Thursday, April 26, 2007

Sex Smells

Penis:


Cock, dick, wang, weiner, schlong, shaft, hardon, bone, pole.



Vagina:


Pussy, twat, cunt, snatch, slit, cooch.



What the fuck? What is wrong with us?

Why is there no NEUTRAL word for the male and female genitals?

If I want to refer to these body parts, I have to either use the MEDICAL terminology, or resort to street slang. There is no in-between. And this is ONLY true of the genitals.


Take, for example, your CRANIUM.

Cranium is the scientific term.

There are other slang terms, such as melon, dome, etc.

And there is a common, NEUTRAL term: Head.

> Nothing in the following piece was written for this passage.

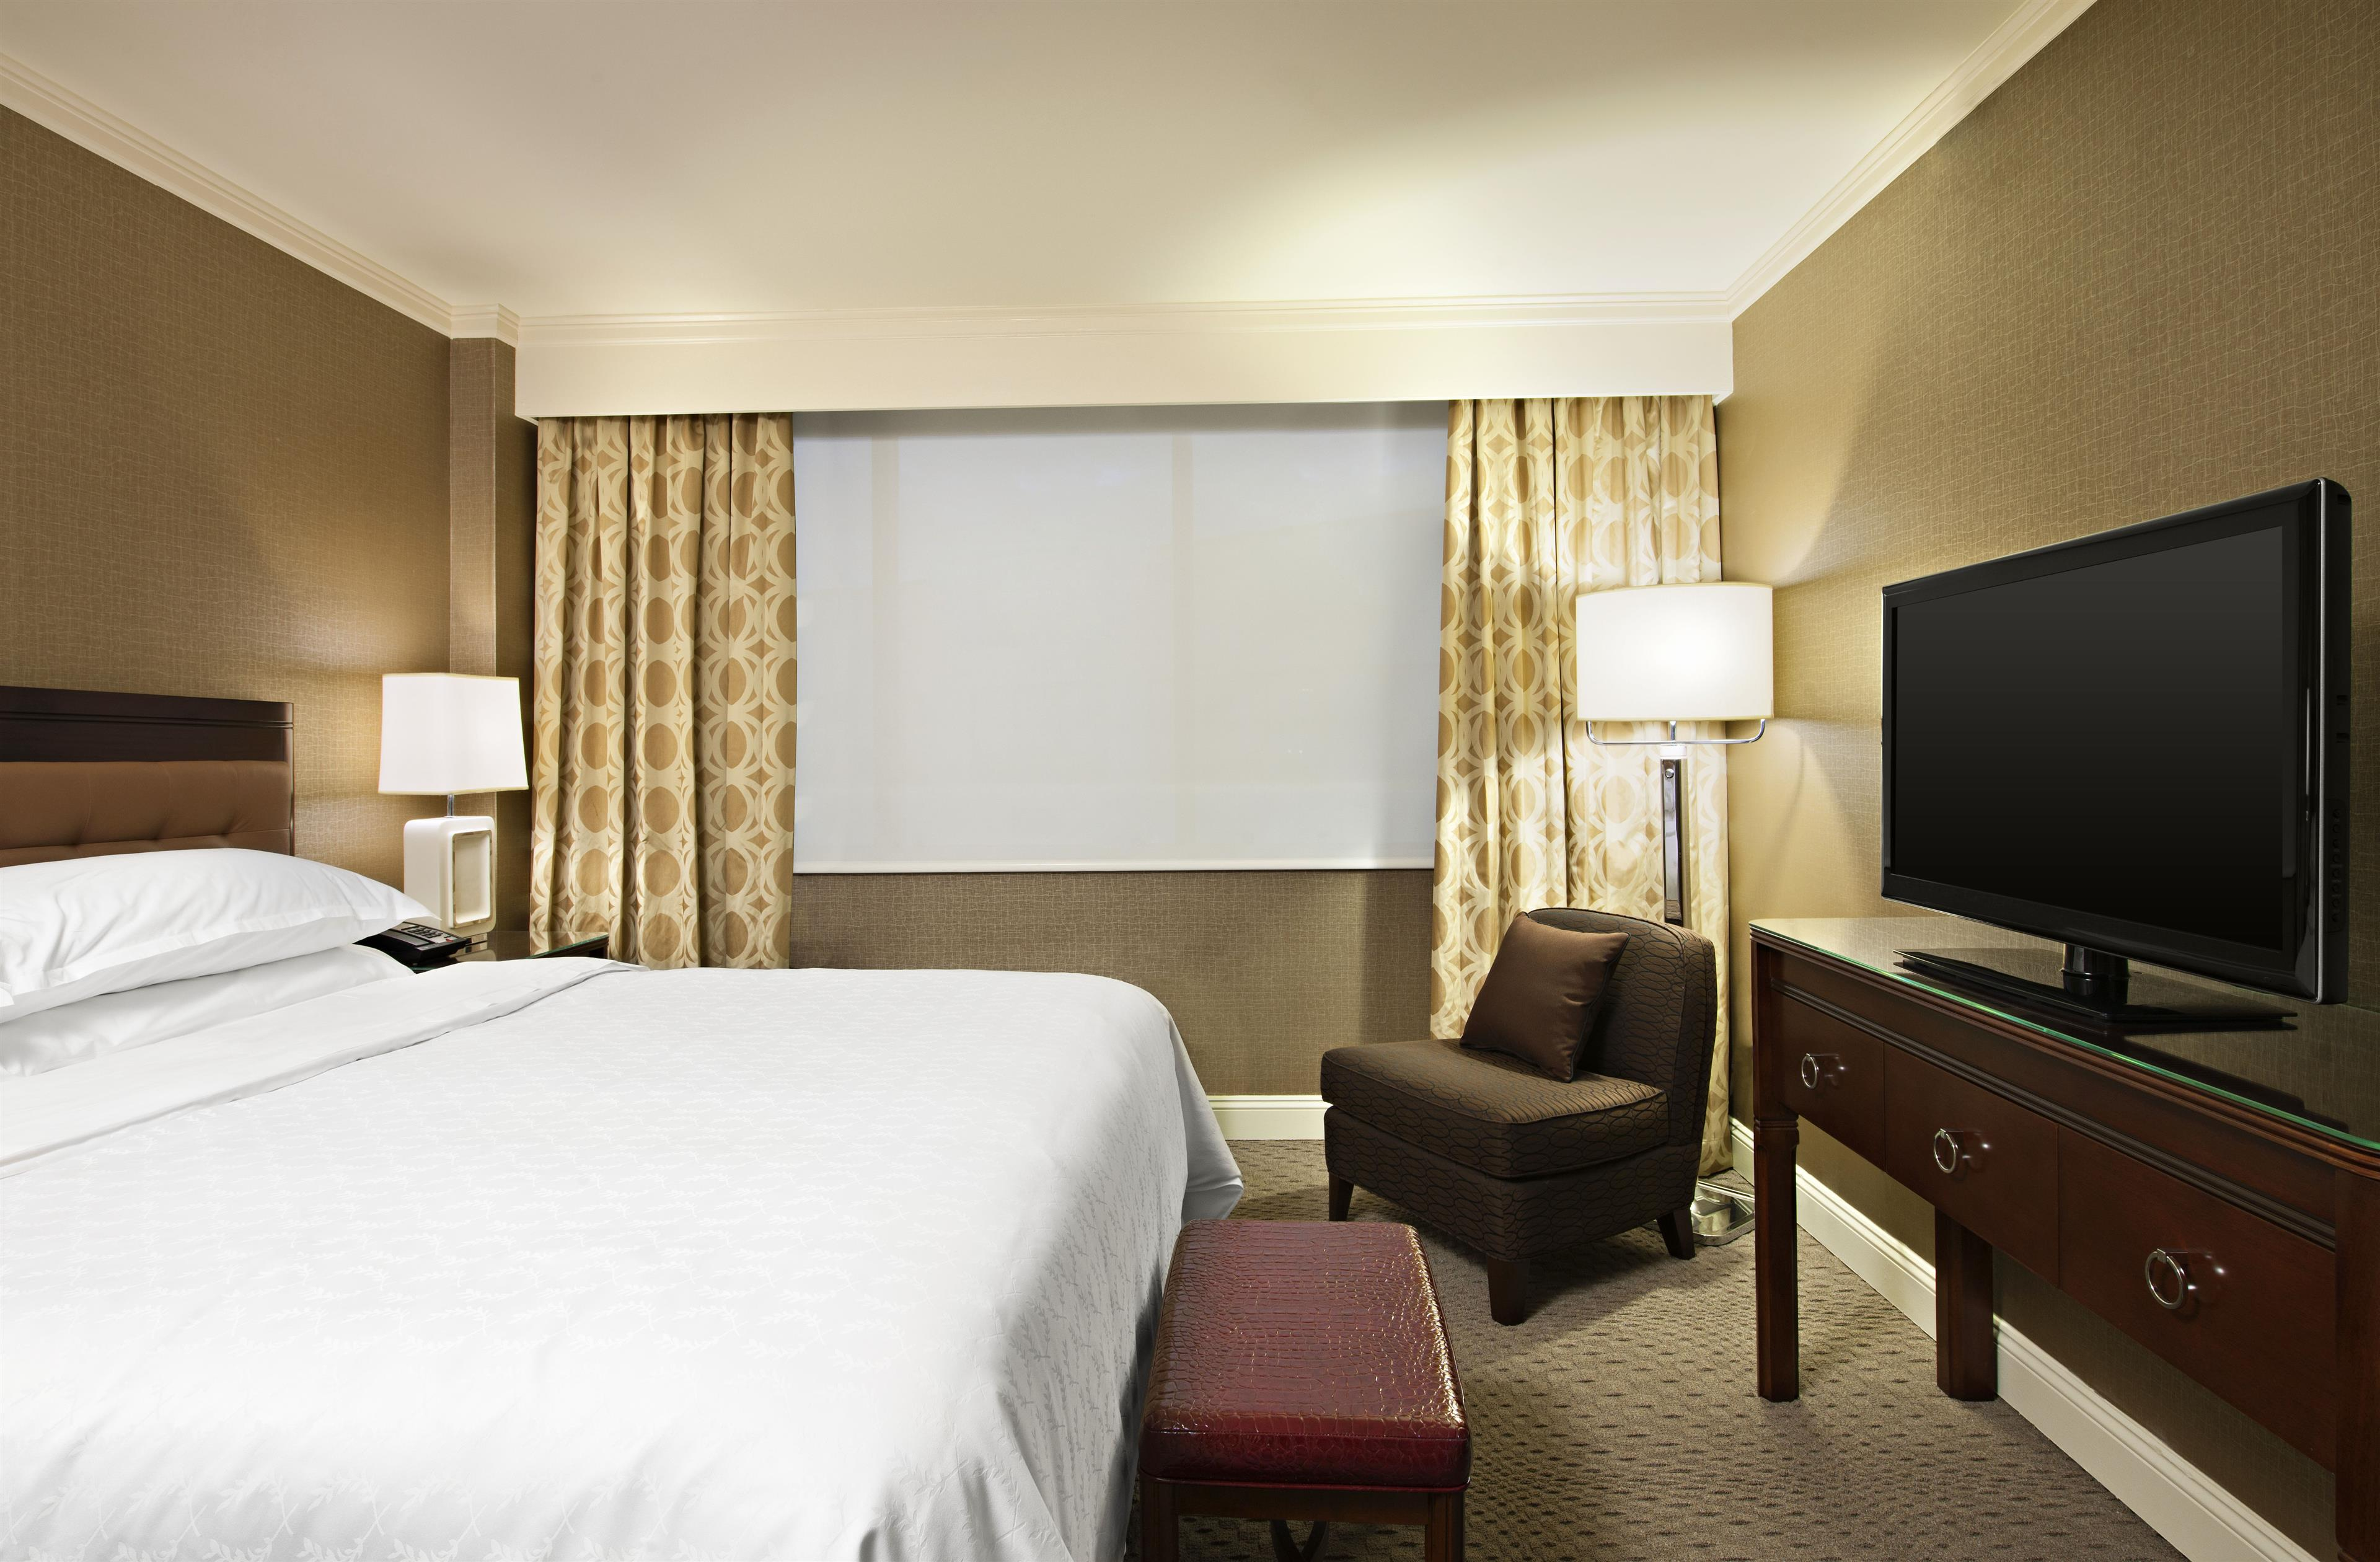 Sheraton Wilmington South Hotel image 7

You do not say, "I hit my cranium".

Nor do you say, "I have a melonache"



Or, say, your Gluteus.

Scientific term. Slang terms are Ass, Booty, etc.

And the common, NEUTRAL term: Butt.


You do not say, "Look at that chick's gluteus!"

Nor would you tell a child to sit down on their ass.


Fingers are actually called metacarpals. The ears are actually called pinae. Your belly is called an abdomen. And so forth. All body parts have a common name, a scientific/medical term, and slang. EXCEPT the genitals.


My point?


Simple. American culture is arrested in such a stage of adolescent sexuality, that the language only contains words for genitals that are either scientific, or vulgar.

And as a result, when I talk during sex I am constantly embarrassed to find the right word.


"Oh, yeah, suck my dick"


I'm sorry, I feel stupid calling it a "dick".

I've known a lot of "Dick"s, and don't want to associate them with my own delicious experience of oral sex.


"Mmm, lick my balls"

Again, I don't want to call them balls. They are not balls. They are actually somewhat egg-shaped, which is why at least the spanish slang Huevos (eggs) makes better sense (even though I'd never use the word, as I don't find dairy sexy). Calling them balls, feels like calling your legs sticks, or calling your hair hay. It's not an actual term FOR that body part, but rather a slang term that only alludes to the part through visual comparison.


"Yeah, spread your pussy open"


I don't want to call it a pussy! No one likes the damn word! But as CUNT is the next-best alternative (unless twat is more to your liking), we all say Pussy.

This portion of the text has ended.